=== Section Start ===

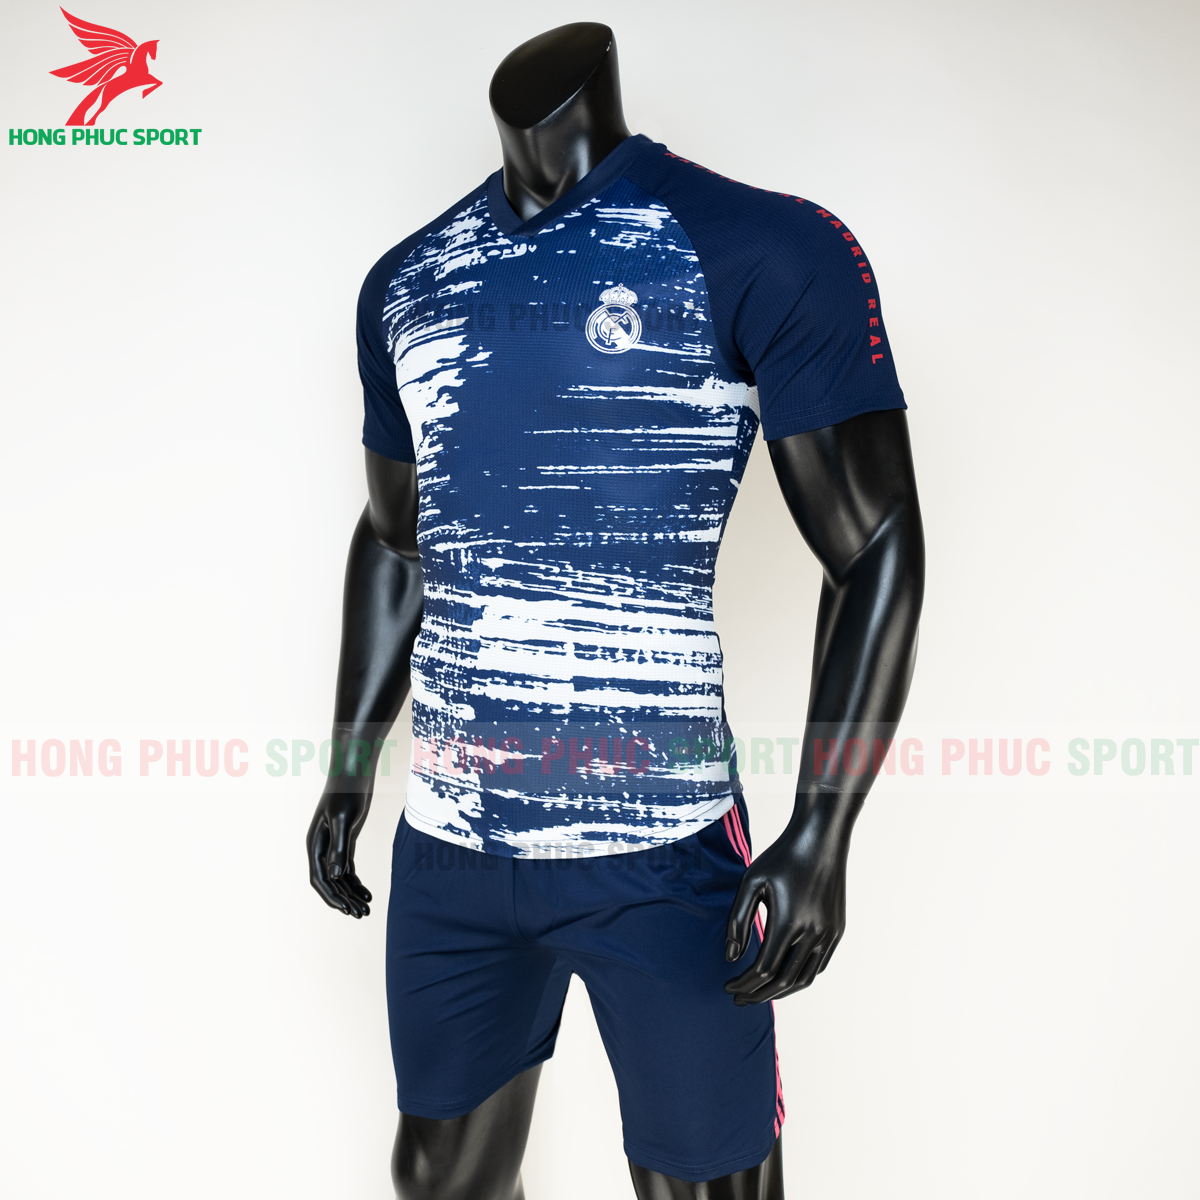 https://cdn.hongphucsport.com/unsafe/s4.shopbay.vn/files/285/ao-bong-da-real-madrid-20-21-pre-match-hang-thailand-4-5faf55e6a0b7a.png
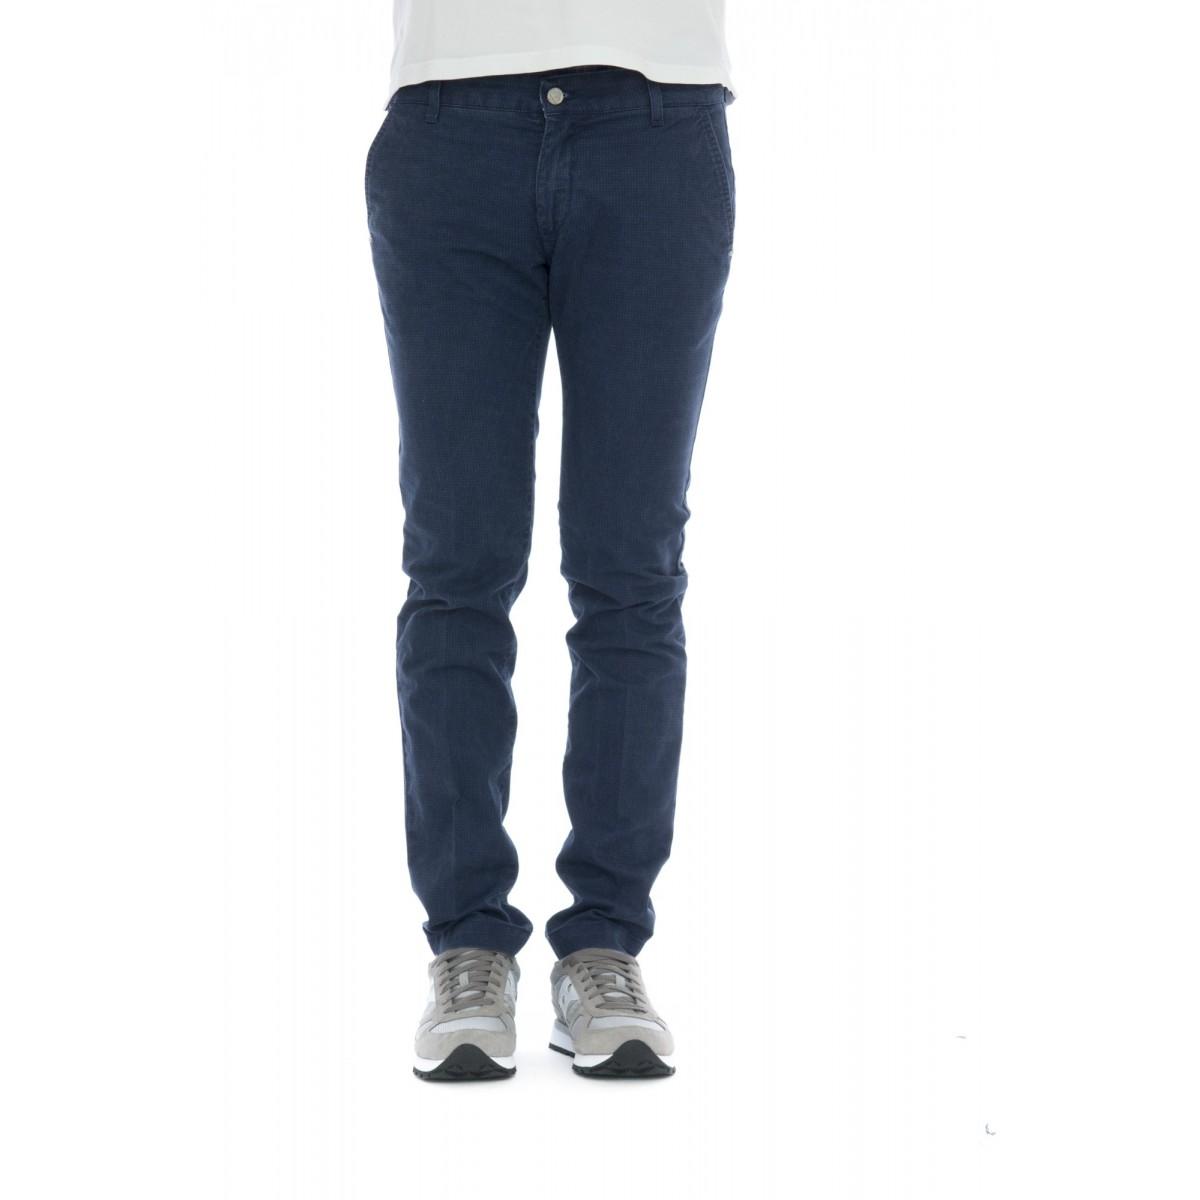 Pantalone uomo - 8344 1037 stampato
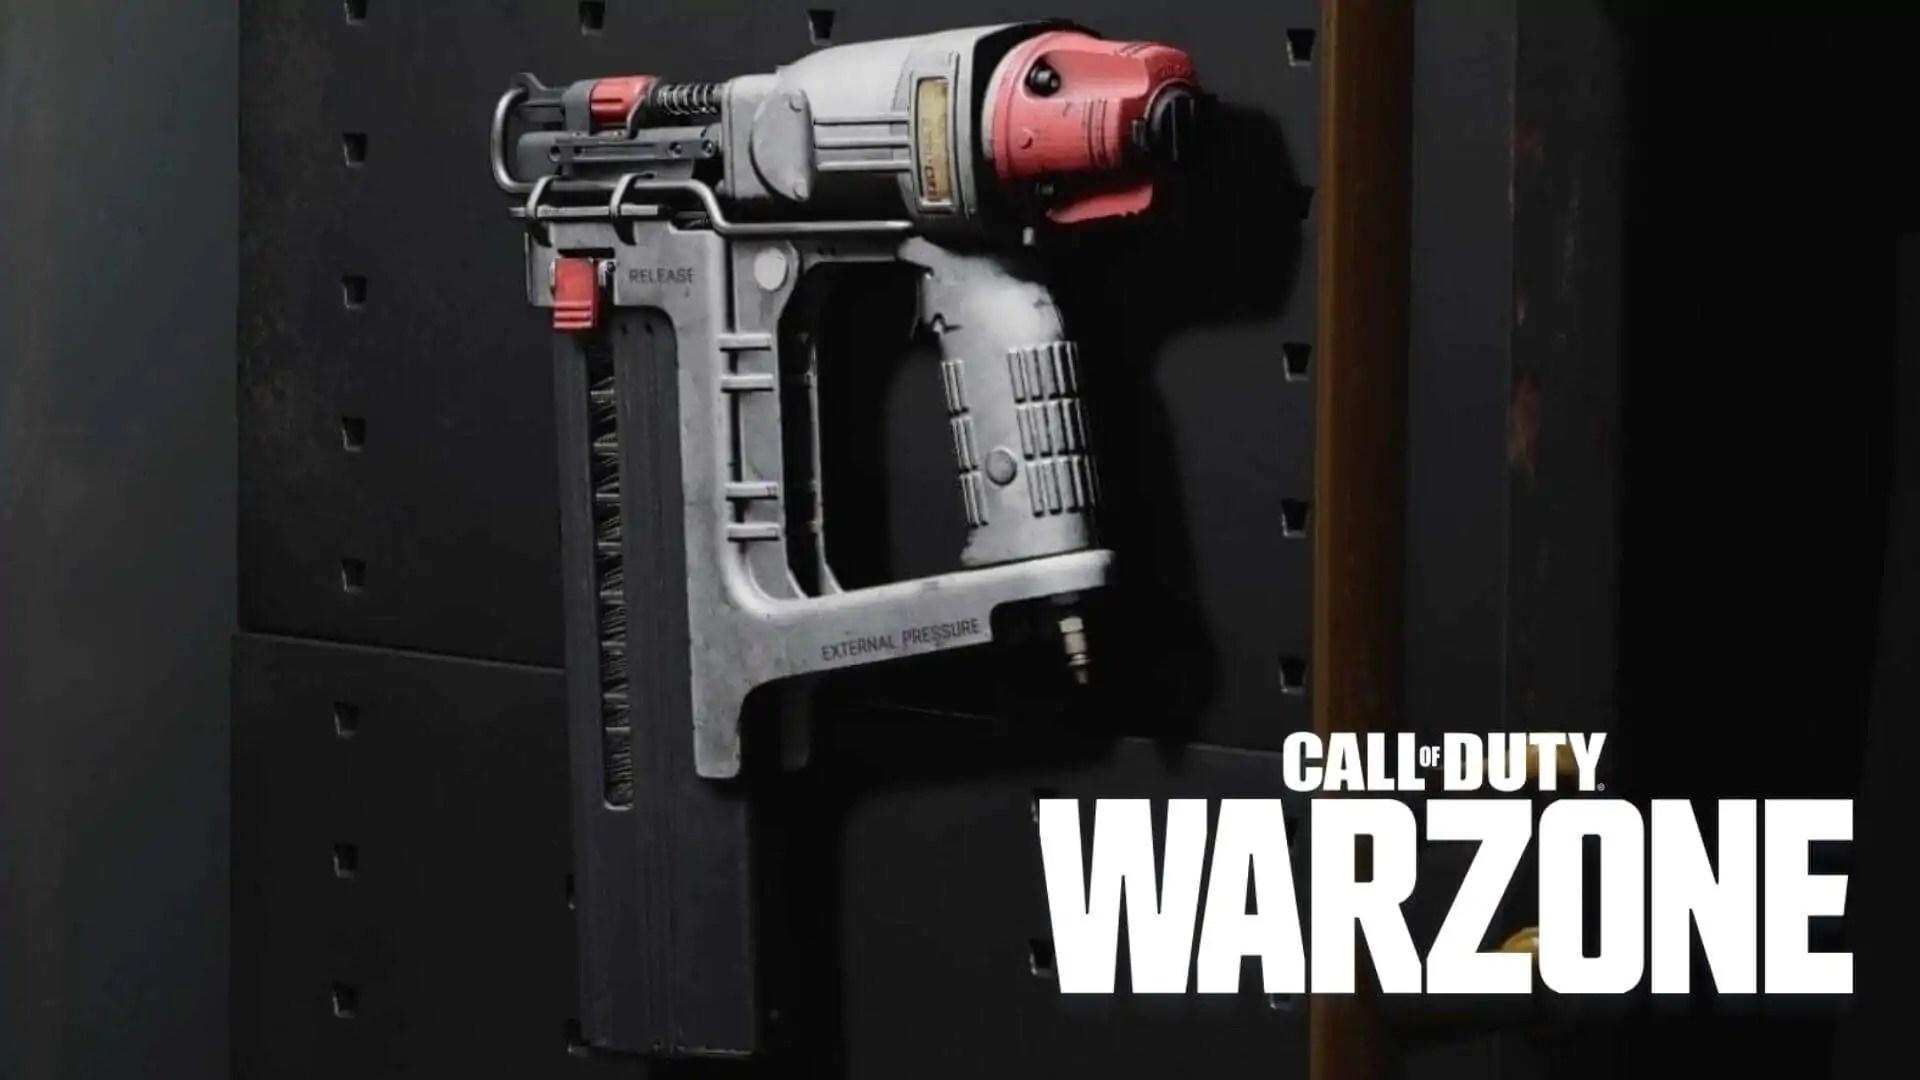 CoD Warzone:
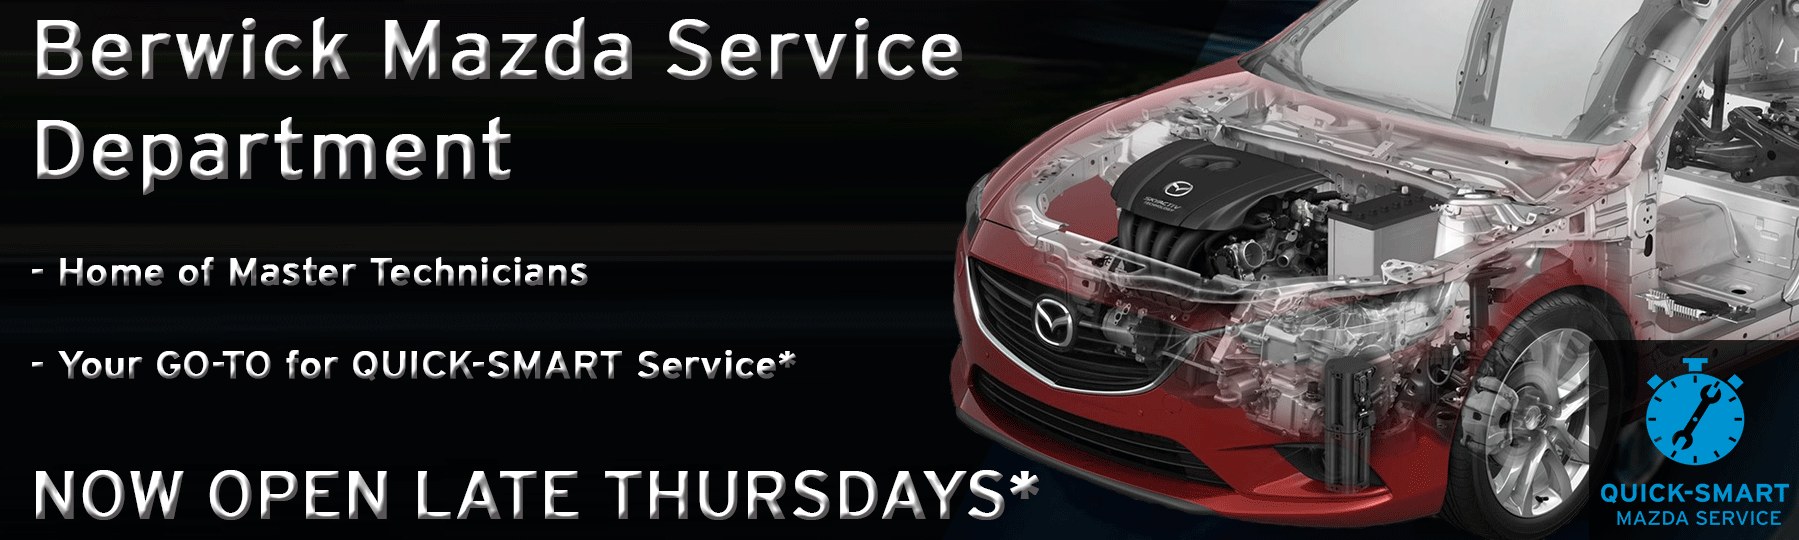 Berwick Mazda: Thursday late night Servicing

=== Section End ===

Task description:
Transcribe the listing in full. Leave the pictures out.

Result for this exercise:
 https://cdn.hongphucsport.com/unsafe/s4.shopbay.vn/files/285/ao-bong-da-real-madrid-20-21-pre-match-hang-thailand-4-5faf55e6a0b7a.png
 Pantalone uomo - 8344 1037 stampato
 CoD Warzone:
 Berwick Mazda: Thursday late night Servicing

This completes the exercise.